# Family Safety Forum Guidelines: PLEASE READ



## georgia (Jan 12, 2003)

*Welcome to Family Safety!*

The Family Safety forum was established to provide an area to discuss a myriad of safety-related topics such as child passenger safety, home childproofing, water safety, fire safety, internet safety and recall information. MDC welcomes you to share your ideas, experiences and information as it relates to the actual safety of a product or practice. Discussion of parenting _philosophies_ should be posted in the age-appropriate or general Parenting forum. If in doubt, please PM a moderator.

In this forum, you will see discussions about specific products. We ask that you refrain from any comments that could be defamatory toward a manufacturer, individual or product. If you would like to take an activist position on a particular topic, please submit a call to action in our Activism forum. When posting recall notices, please make sure you are giving a credible source and provide links when possible. Commercial advertisement is not allowed in this forum.

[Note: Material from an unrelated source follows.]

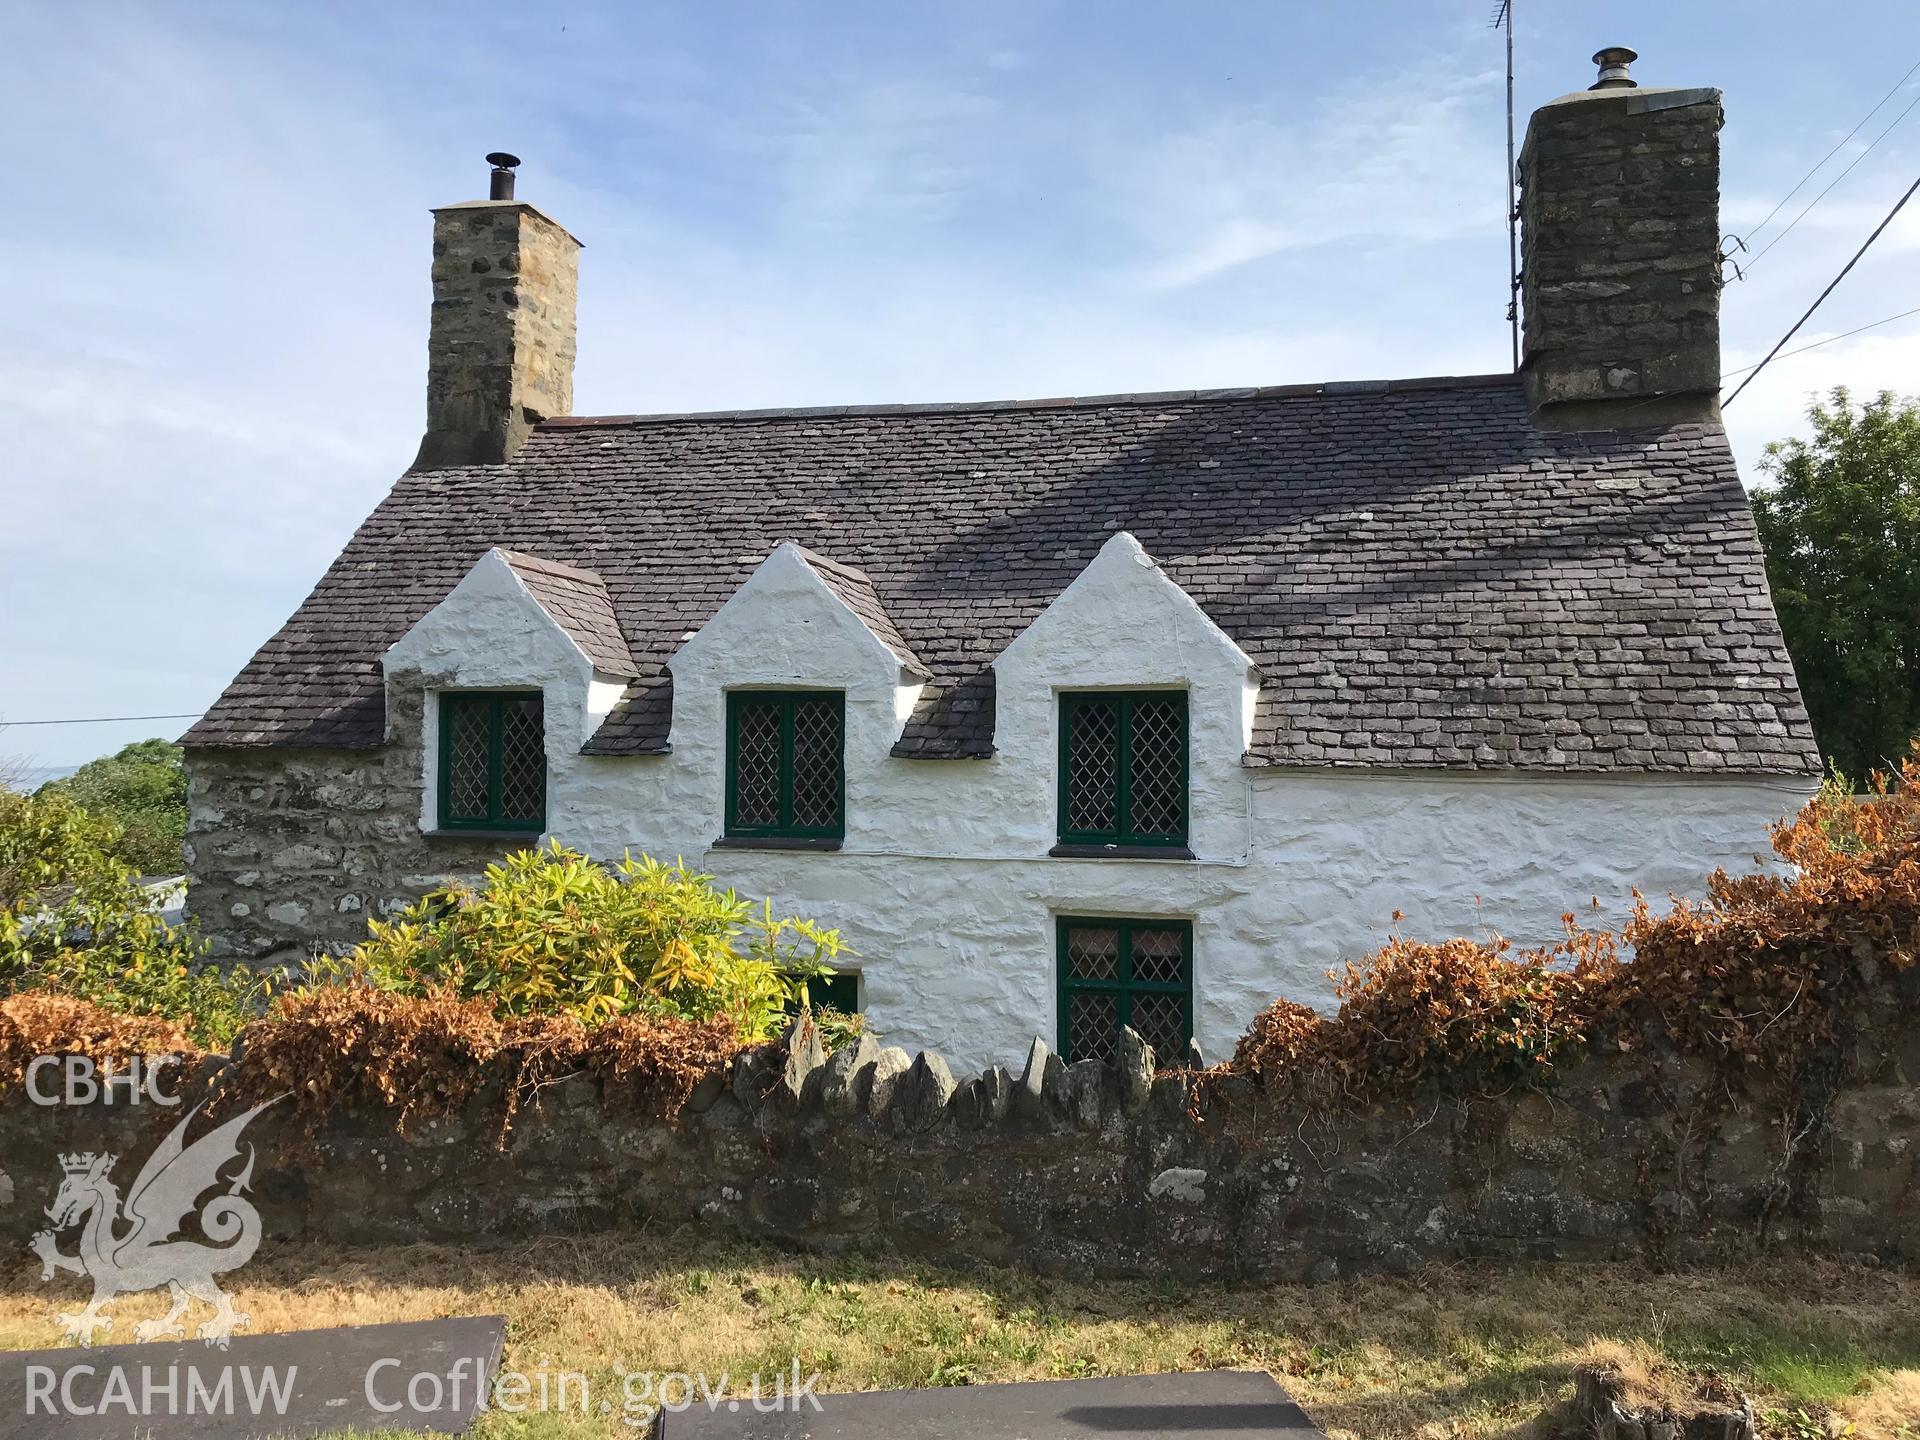 Colour photo showing external view of Cwrt house, Clynnog, taken by Paul R. Davis, 23rd June 2018.
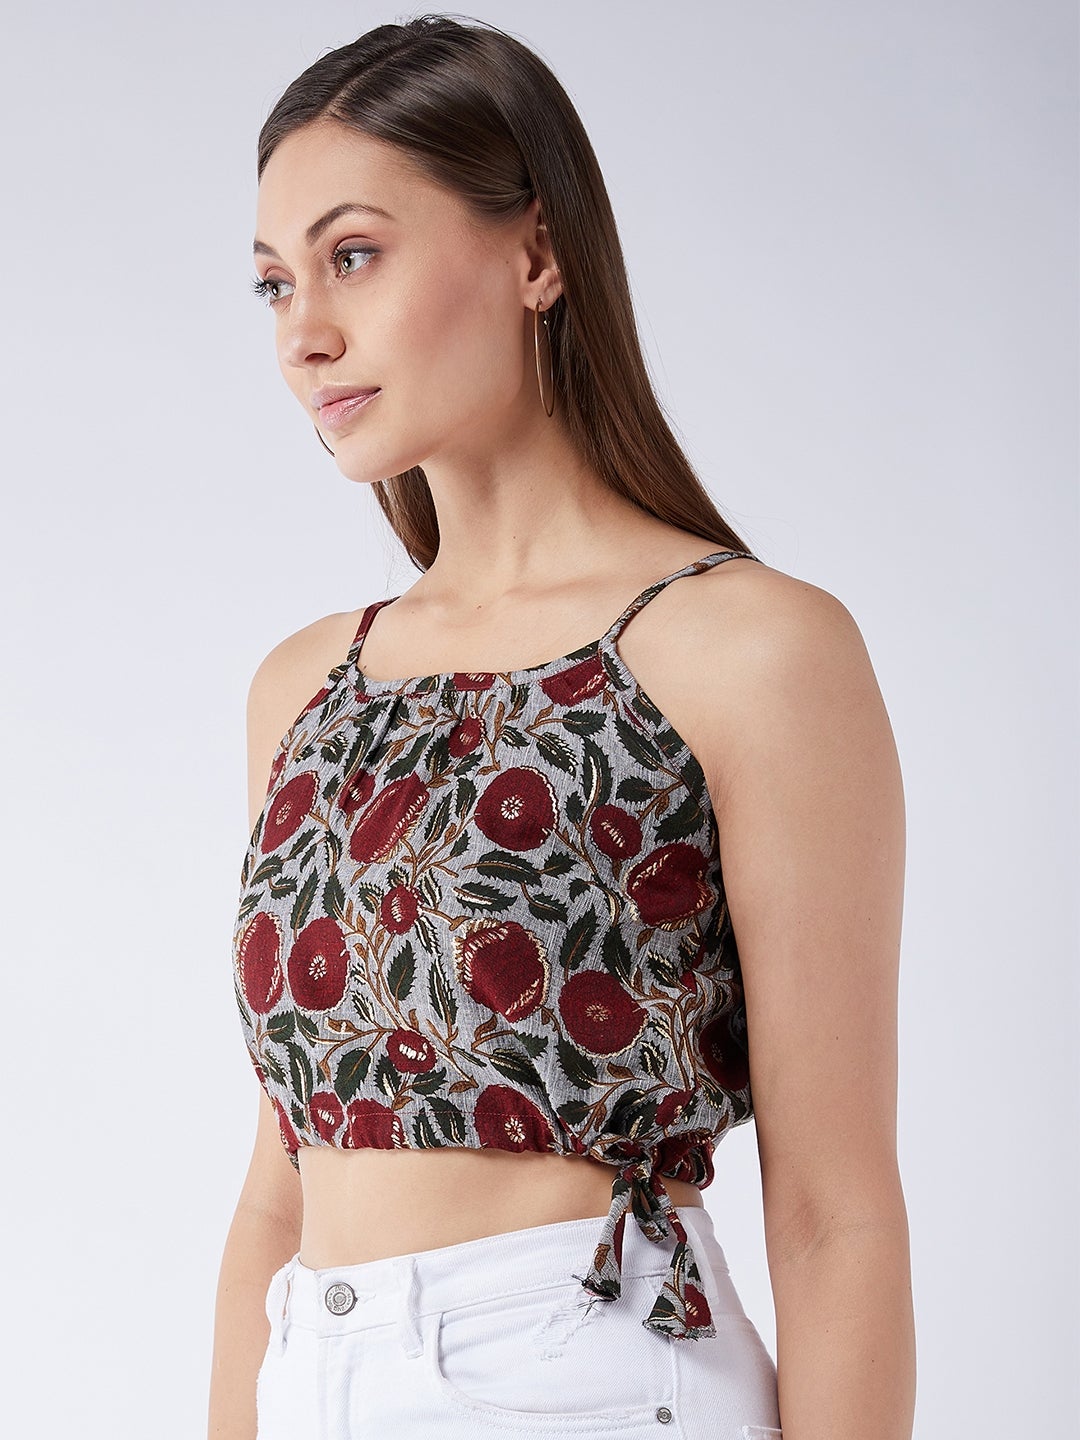 Slate Gray Strappy Crop Top

We ask that threads focus on safety information gathering, education, advocacy and sharing of personal experience rather than critiques of individuals or venting about others. Insulting, belittling or condemning others is neither productive nor appropriate. While we understand that it can be difficult to watch others make choices that are not in line with your own, the focus of this forum is on "safety." We ask that discussion focus on facts and information rather than venting about others who make different decisions for their families. Please avoid negative characterizations and generalizations about others to respect the diversity of our online community.

Please be aware that MDC is not currently hosting News and Current Event threads unless they are directly related to a forum, and then, we ask that the discussion be about the relevant topic and _not_ the individual newsmakers. Please see this notice for further explanation.

Please refer to the MDC User Agreement for general posting rules, and please contact a moderator or administrator with any questions or concerns. Thanks


----------